Environmentalists say the U.S. Forest Service's latest effort to tackle rising off-road vehicle use falls short of what's needed to reduce pollution and ecological damage associated with the vehicles.

Federal foresters last week released a long-anticipated mandate meant to clarify what has been a confusing array of separate off-road policies in the nation's 155 forests and 20 grasslands.

Under the mandate, all forests will be required to design maps that specifically designate routes for off-road vehicles. Some currently open routes could be shut down as new ones are added in what will be a process involving the public.

Until now, vehicle drivers in some forests have been allowed to go anywhere they wanted. In others, such as Pike National Forest west of Colorado Springs, drivers have been limited to designated off-road trails -- although in many places, they illegally veer off those routes and cause damage.

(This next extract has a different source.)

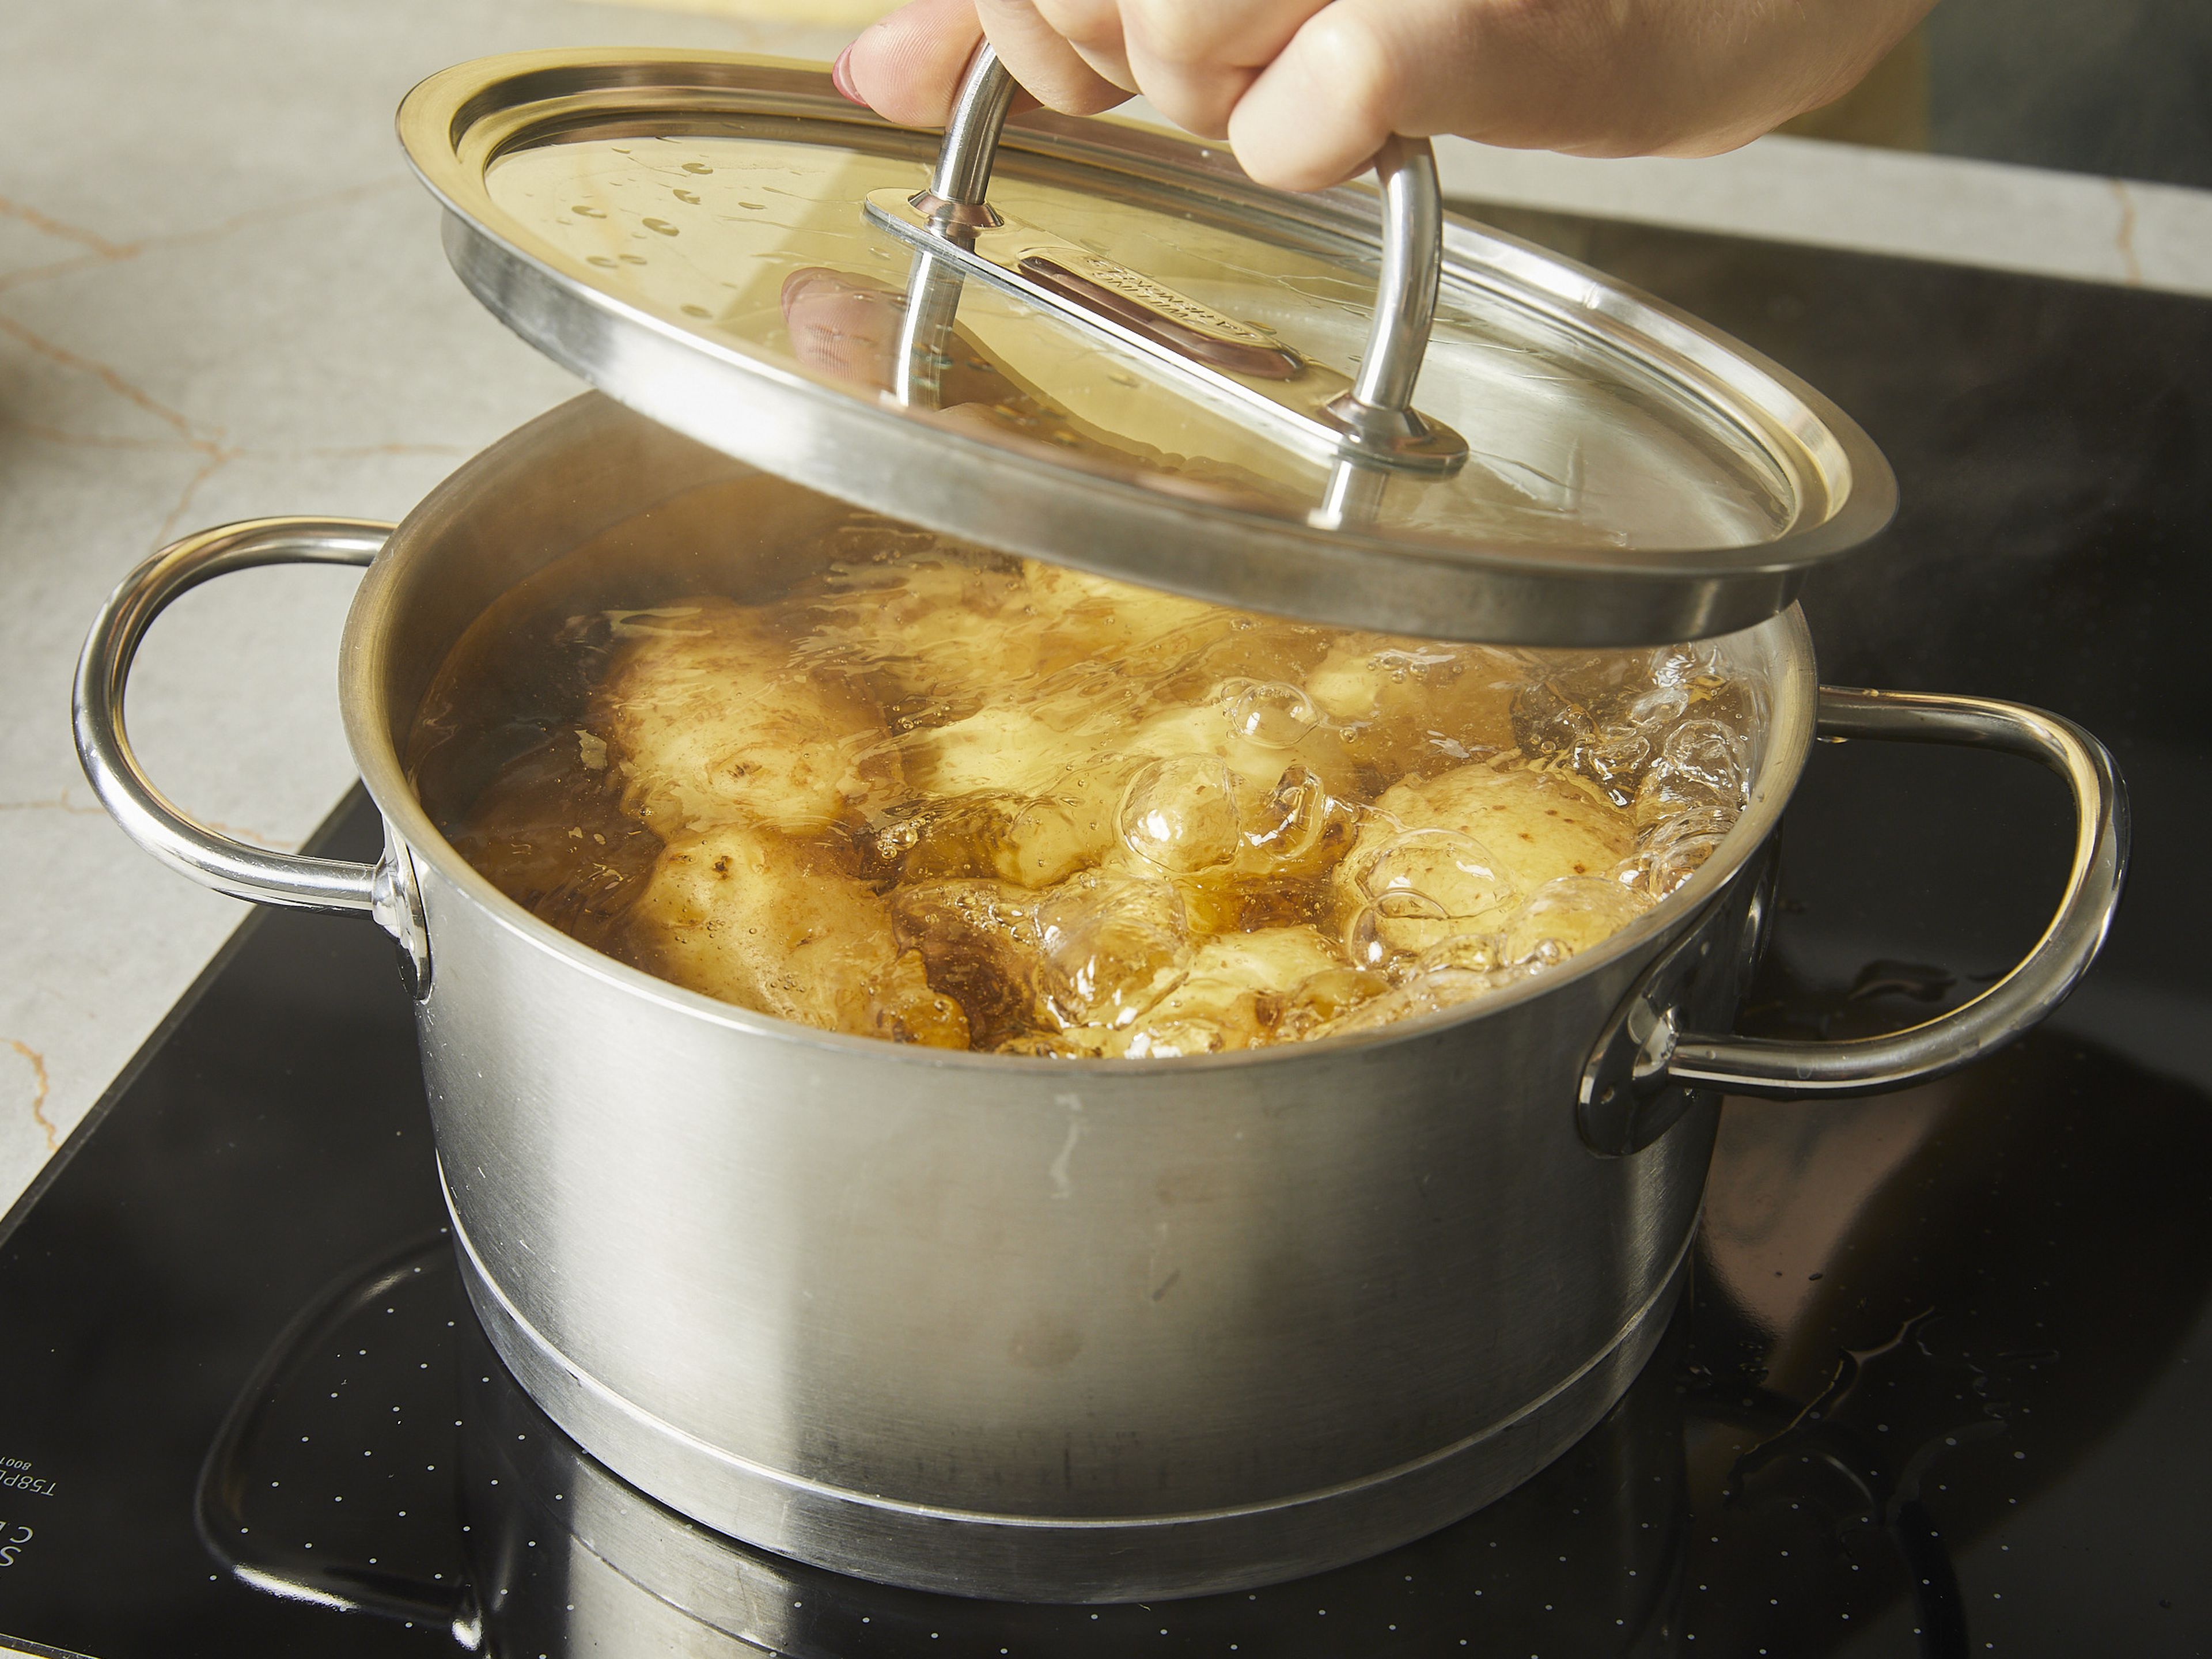 Den Backofen auf 220°C Ober-/Unterhitze (200°C Umluft) vorheizen. Ganze Kartoffeln mit Schale in einen großen Topf geben und mit kaltem Wasser bedecken. Zum Kochen bringen und ca. 30 Min. kochen oder bis die Schale leicht aufplatzt und die Kartoffeln weich genug sind, um sie mit einem Messer einstechen zu können. Das Wasser abgießen und Kartoffeln auf ein Abkühlgitter legen und mindestens ca. 5 Min. ausdampfen lassen. Dann die Kartoffeln in einen großen Bräter oder eine Auflaufform geben (Gusseisen ist ideal, aber Glas oder Metall eignen sich auch. Keramik sollte vermieden werden.).
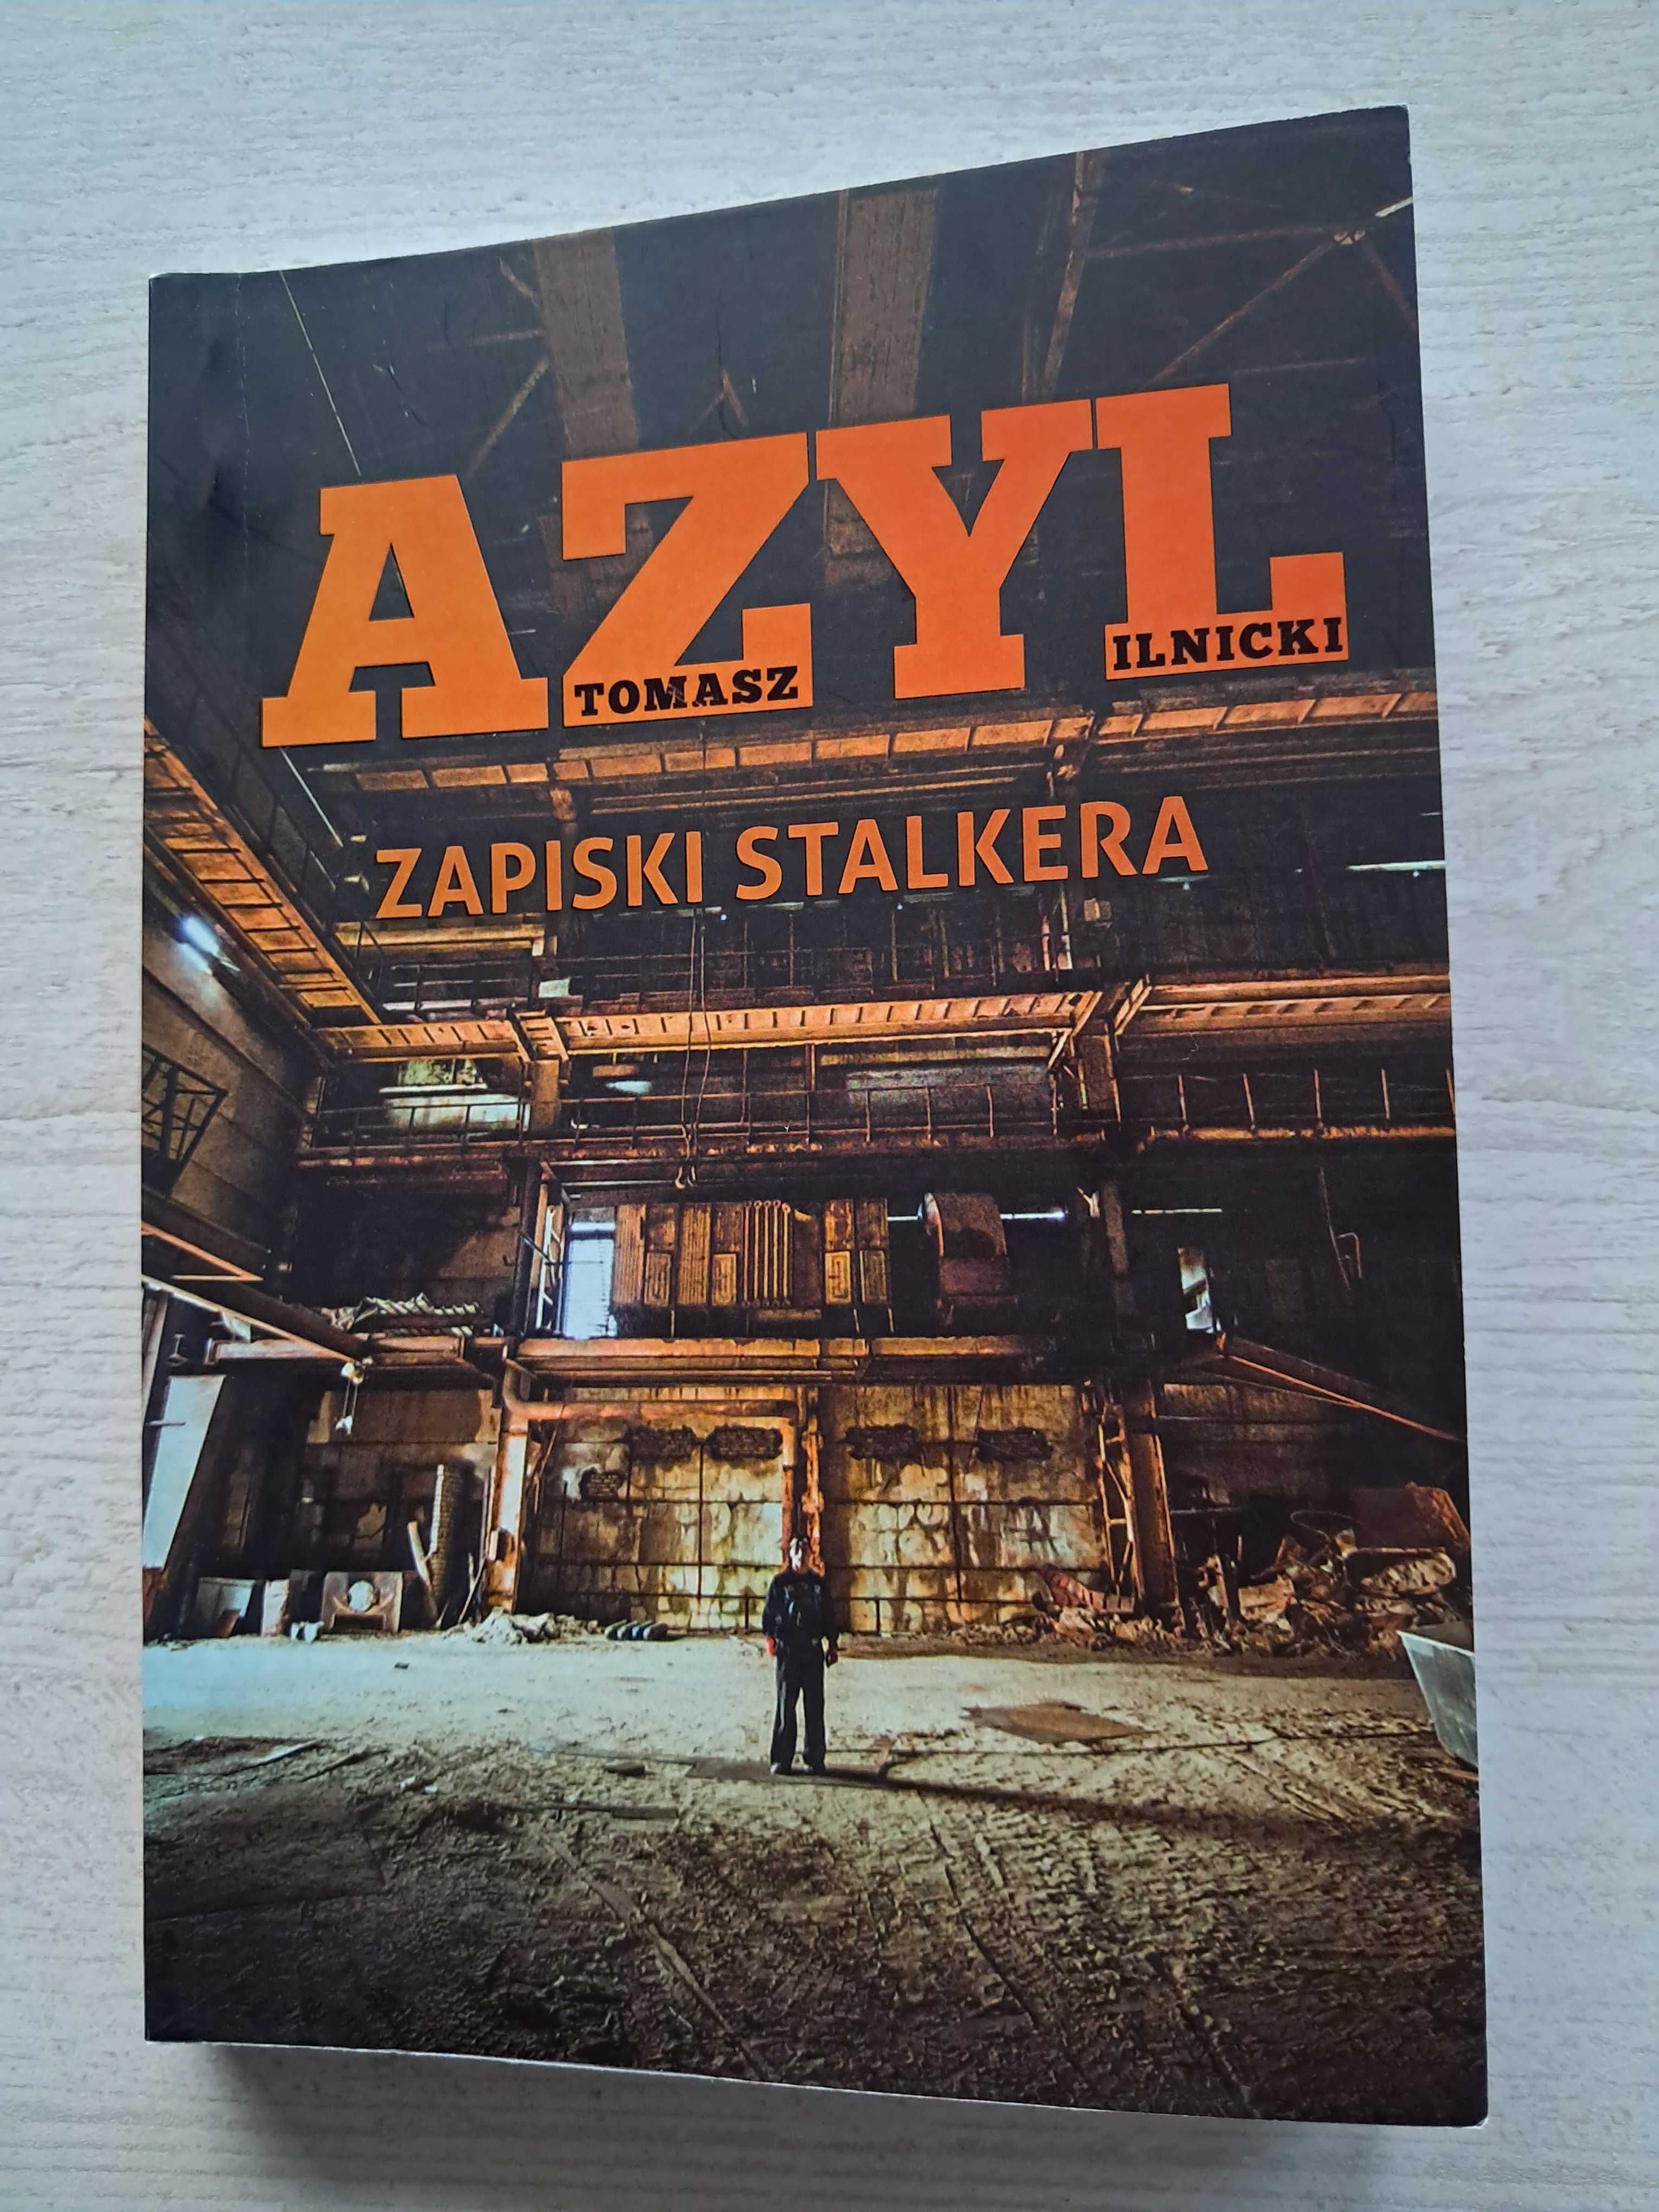 Z autografem "Azyl. Zapiski stalkera" Tomasz Ilnicki

A spokesman for Forest Service Chief Dale Bosworth, who several times has publicly identified increasing off-road vehicle use as an environmental challenge in forests, says it is not clear whether there will be more or fewer off-road routes in forests when the planning is completed.

The mandate includes no hard deadline for project completion -- one of several issues environmentalists call critical weaknesses that might ultimately undermine the measure's aims.

"The Forest Service was so close to getting this one right," says Roz McClellan, director of the nonprofit Rocky Mountain Recreation Initiative, adding that only time will tell if the policy has any effect.

She notes that there are no extra funds to empower foresters to get the job done in every forest. Also, there are no provisions for additional forest enforcement officers to ensure areas aren't being abused once routes are designated.

On average, each Forest Service law enforcement officer is responsible for overseeing 300,000 acres -- an area roughly half the size of Rhode Island, the Independent found in a recent investigation (see Ghost Roads, Aug. 12, 2004, at csindy.com).

Frank Landis, a Pike National Forest manager, acknowledges the shortcomings and admits the mandate leaves plenty of wiggle room for foresters to do little or nothing about off-road use. But he says he is eager to incorporate the off-road routes into the Pike forest's new maps by 2009 and to begin an education campaign for vehicle drivers.

"From my standpoint, it's just something we have to do," Landis says.

Meanwhile, a national off-road vehicle group representing an estimated 750,000 enthusiasts immediately hailed the mandate as a victory that will open up previously closed areas.

"For those forests that have not been very cooperative in their efforts to find routes for vehicles, Forest Chief Bosworth is now saying that this is a legitimate use of our natural resources," says Clark L. Collins, executive director of the Pocatello, Idaho-based BlueRibbon Coalition.